Heading back into orbit: Miami Sunset High graduate is spacebound again
A man with ties to South Florida will travel to outer space. Again.
On Tuesday, NASA announced its four astronauts for its Artemis III mission. The crew includes Dr. Francisco “Frank” Rubio, 49, a graduate of Miami Sunset Senior High School in Miami-Dade County.
Rubio, selected as a mission specialist, will join three other men on NASA’s Orion spacecraft next year. The mission will test docking procedures with lunar landers developed by Blue Origin and SpaceX. It will be a critical step in NASA’s goal to land on the moon’s lunar south pole in 2028.
It won’t be Rubio’s first time in space, though, or his longest.
Rubio stayed in space for 371 days after the Russian aircraft meant to take him from the International Space Station back to Earth sprang a coolant leak. What was supposed to be a six-month mission turned into over a year, with Rubio setting the record for the longest single spaceflight by an American astronaut in the process.
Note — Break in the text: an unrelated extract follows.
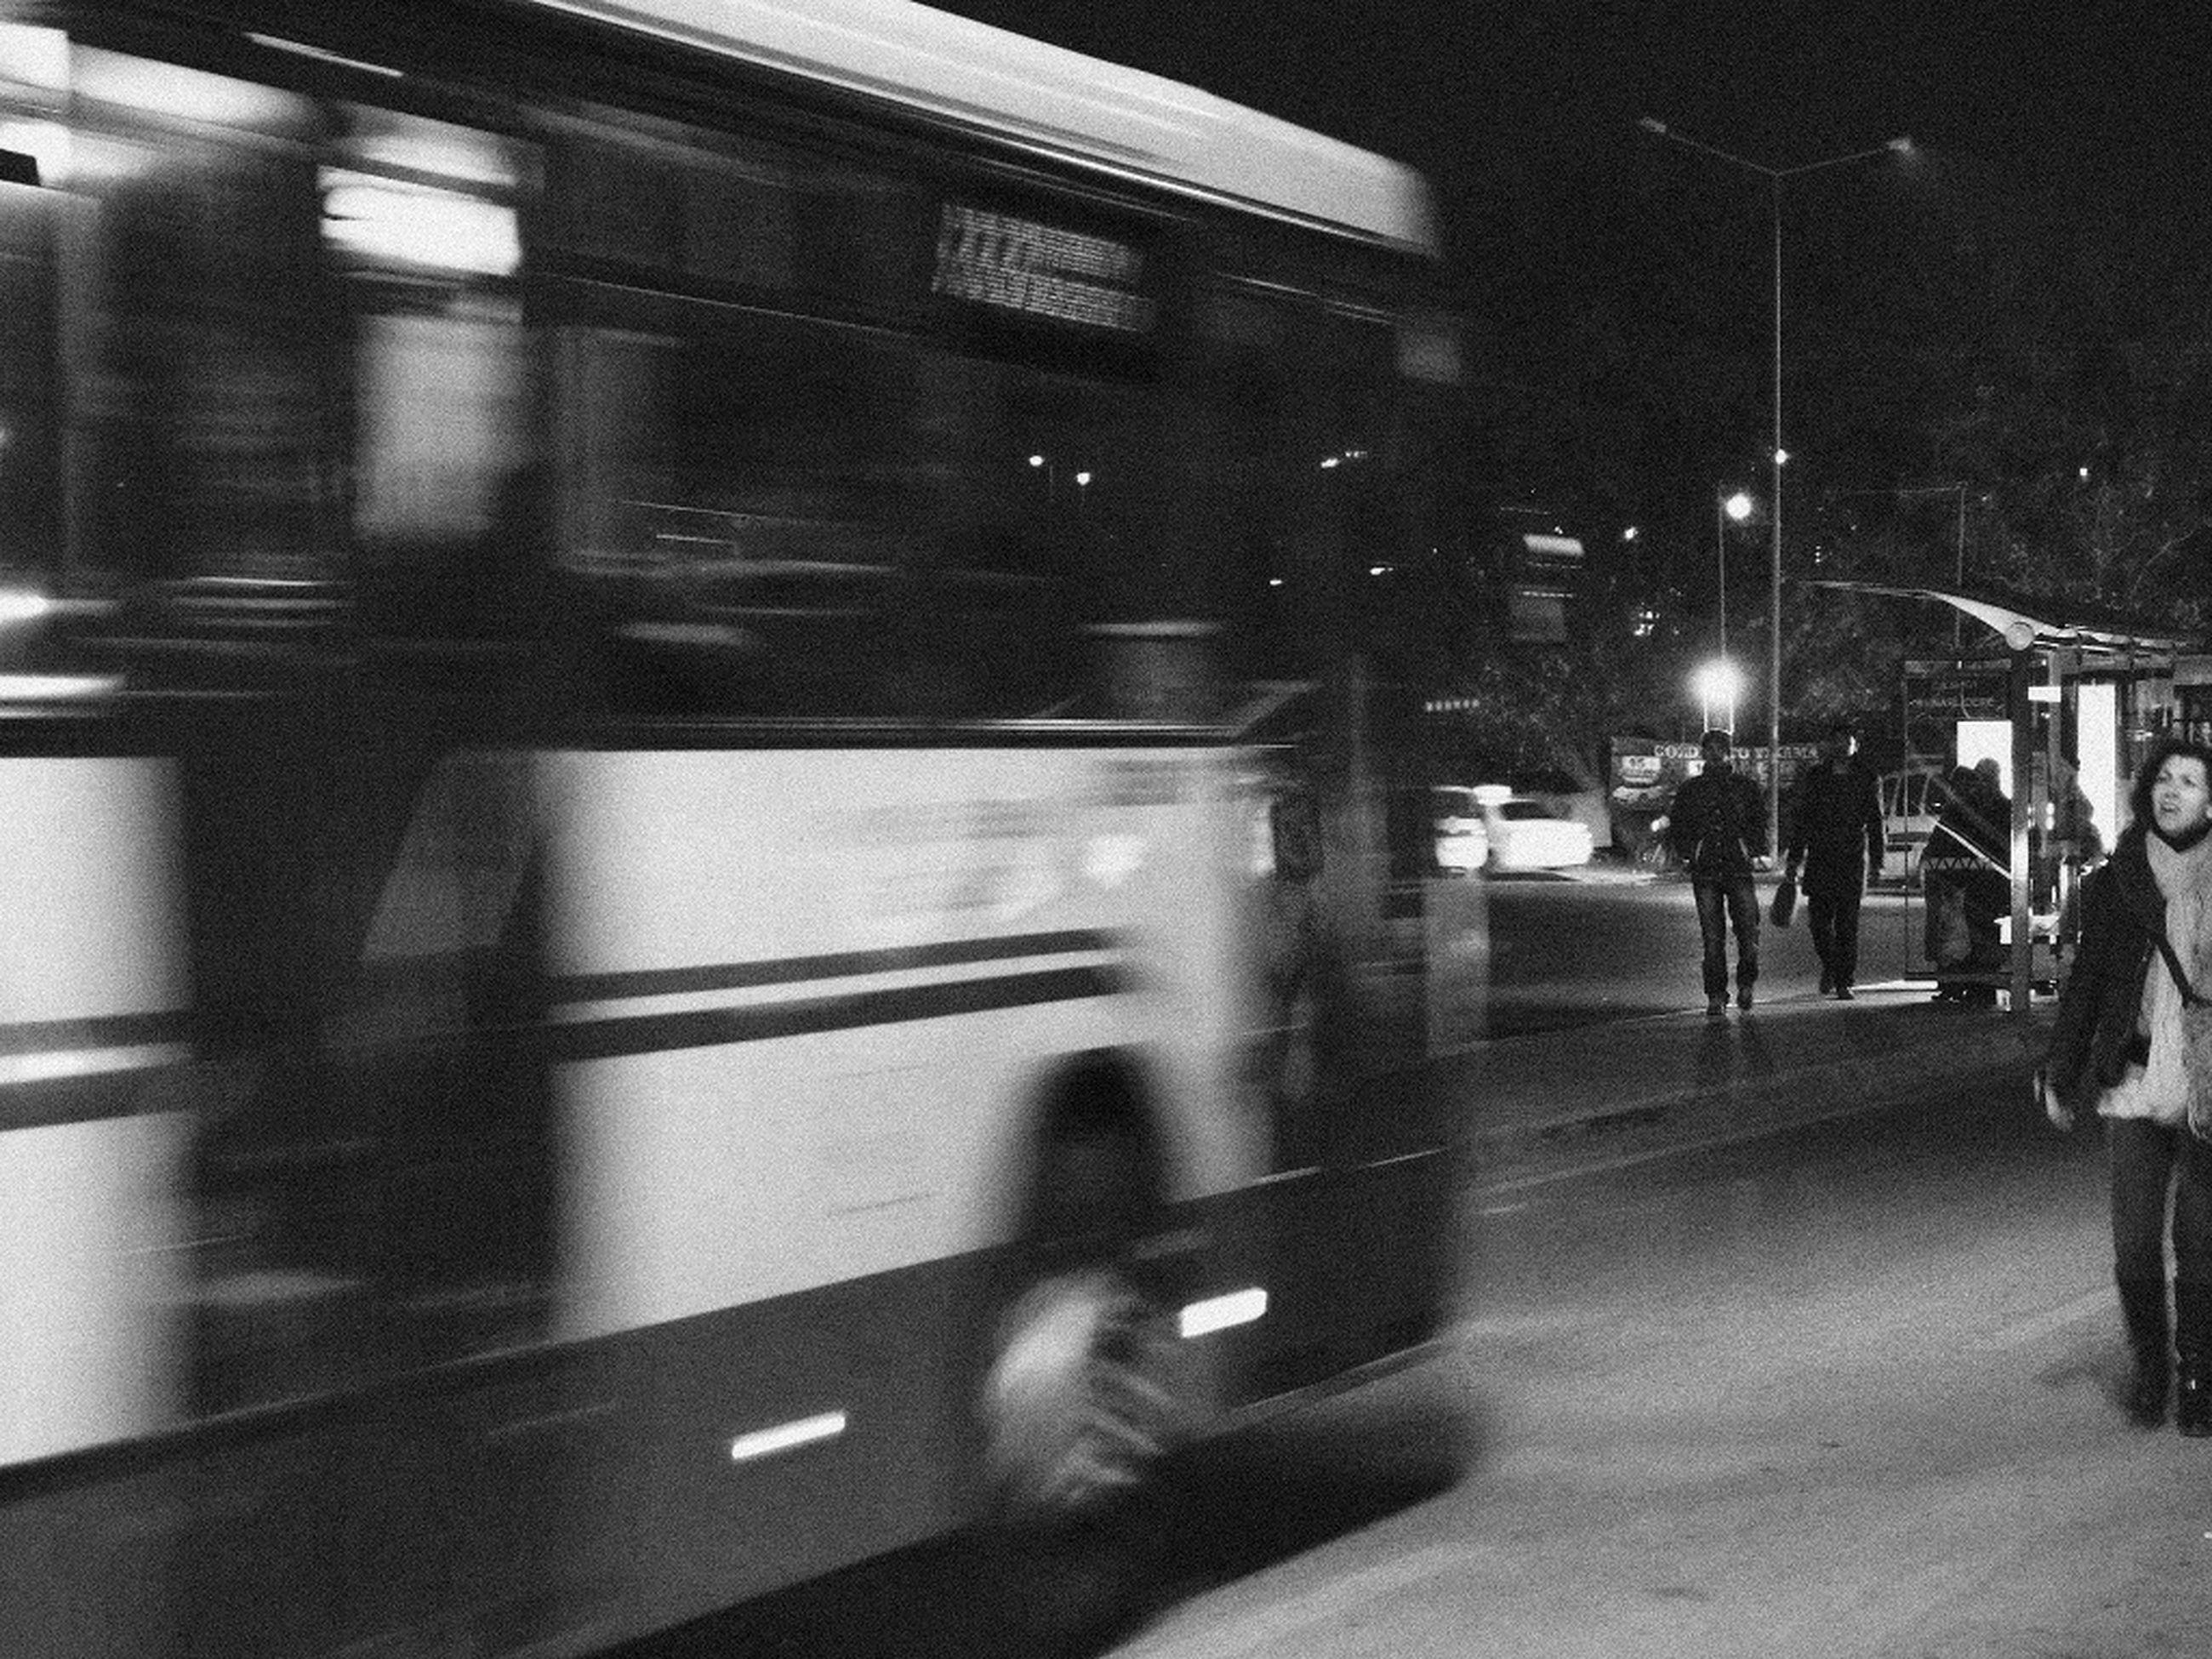 transportation, mode of transport, land vehicle, car, on the move, travel, public transportation, illuminated, street, blurred motion, road, night, men, city life, motion, railroad station platform, train - vehicle, city
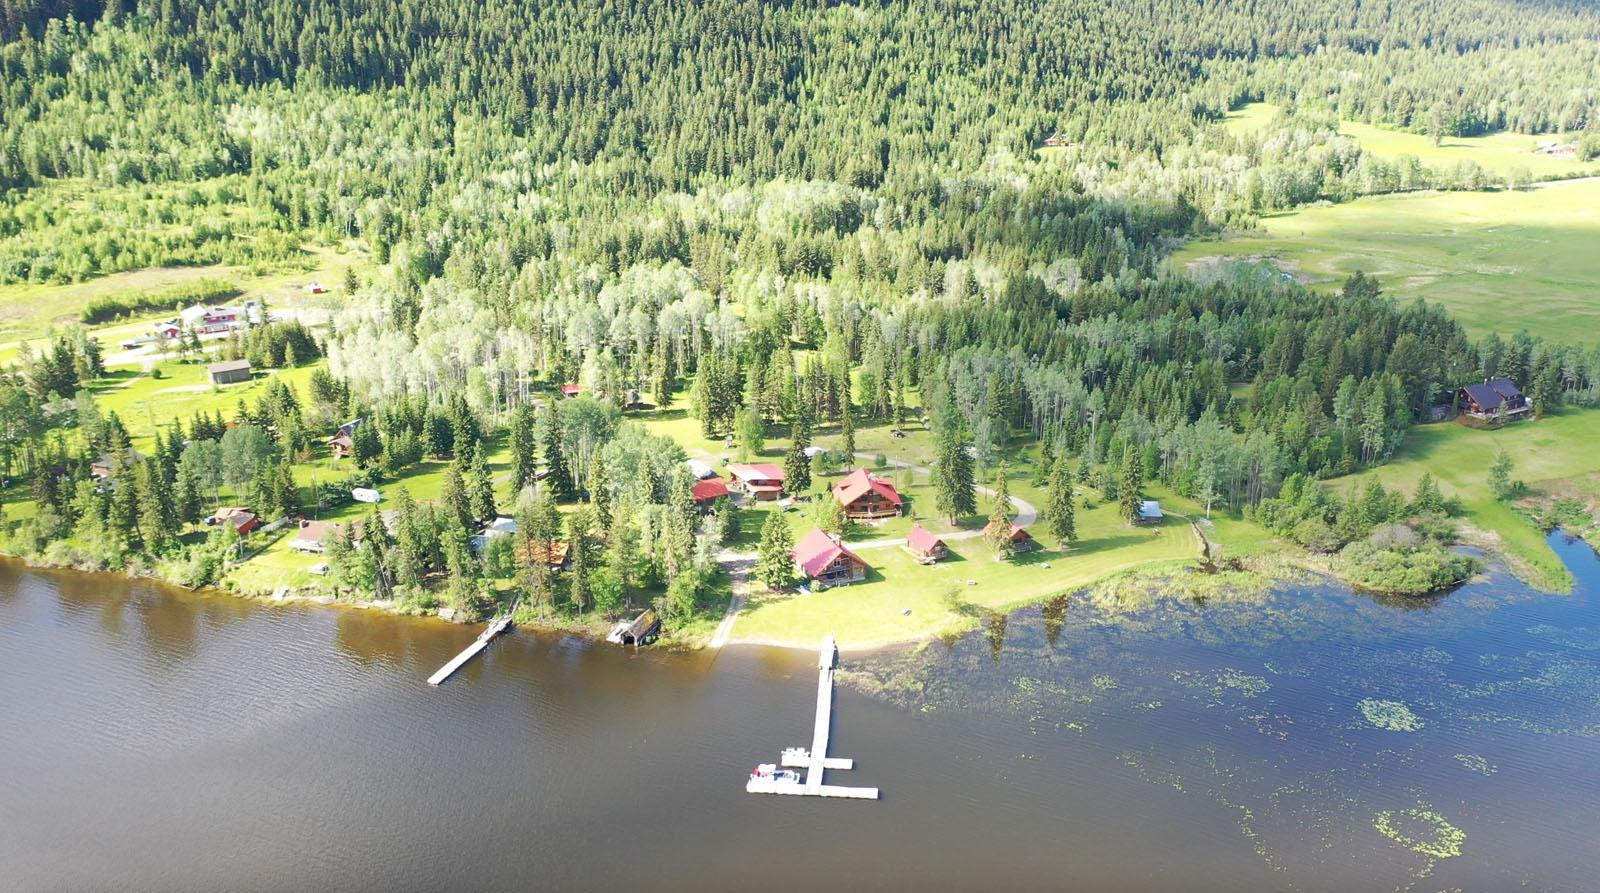 Canim lake resort 02

He returned home in 2023.
After graduating from high school in Miami in 1994, he attended the United States Military Academy in West Point, New York, and became a Black Hawk helicopter pilot, and later, a physician and flight surgeon.
In 2017, his friend told him to apply to NASA’s new Artemis program, which hopes to land humans on the moon for the first time since 1972.
He was chosen out of 18,000 applicants to become one of 12 astronauts in the pilot program and graduated three years later in 2020 to officially become an astronaut.
“The ability to go to space is amazing,” Rubio told the Miami Herald at his astronaut graduation ceremony in 2020. “It’s something that seems out of reach as a child.”
Joining Rubio aboard the mission is Andre Douglas, 40, who was born in Miami but grew up in Chesapeake, Virginia. The other two who will be on board are Randy Bresnik and the European Space Agency’s Luca Parmitano.
The four will begin training immediately on the Orion spacecraft.